THE VERDICT: Written and directed by Hallie Meyers-Shyer, daughter of Rom-Com Queen Nancy Meyers, Home Again should have been the film to rejuvenate the rom-com which, truth be told, has been in decline for some time. Unfortunately, even with Reese Witherspoon and Michael Sheen on board, Home Again is vapid, predictable and uninteresting.
Reese Witherspoon does her best with Alice, but never manages to make the character jump off the screen. There is little commend the character or make her anything other than a collection of quirks and clichés, other than Alice being the daughter of a famous filmmaker, and it is hard to root for a character who does not feel like a real person, or even someone the audience can identify with. The three young men who move in with Alice seem to have one defining trait – the love interest, the cute one, the writer – and there is nothing else to commend them, even with all the superficial drama created in the screenplay. Michael Sheen does his best to make Alice’s former husband Austin a charming guy, but like the rest of the cast, small things are the ones that bother him the most, making him a profoundly unlikeable character.

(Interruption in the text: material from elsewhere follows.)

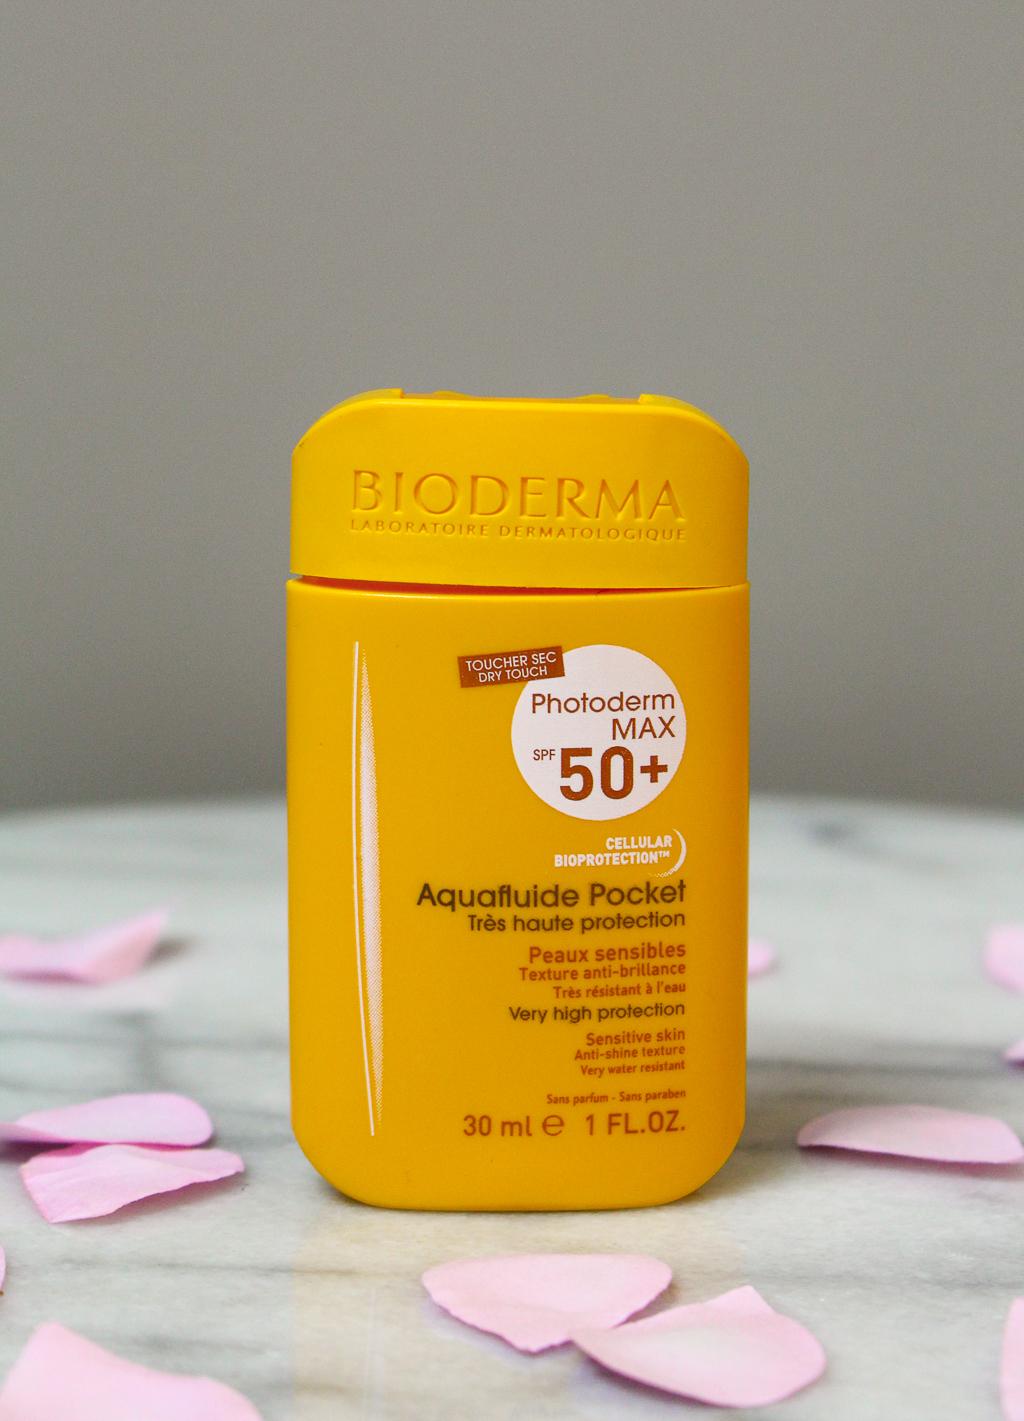 Bescherm je tegen de zon met Bioderma

Meyers-Shyer’s screenplay is one filled with cloches and predictable choices made by the characters. There is very little that happens in the screenplay that feels surprising or new, and the characters find small issues ones that cause the most problems; someone not being able to make a dinner date even though they said they may not be able to leads to screaming matches and the end of a romance. This means that Home Again goes from being a film with potential to be heightened but charming, to a film with unrelatable characters and preposterous situations.
As director, Meyers-Shyer never manages to get the pace of Home Again going, or to put the shine on a film filled with filmmakers, rich LA types and aspirational people. The film cuts between stories, meaning the whole thing feels rather messy, and even the scenes with the potential to be charming and comedic feel awkward and slightly stilted.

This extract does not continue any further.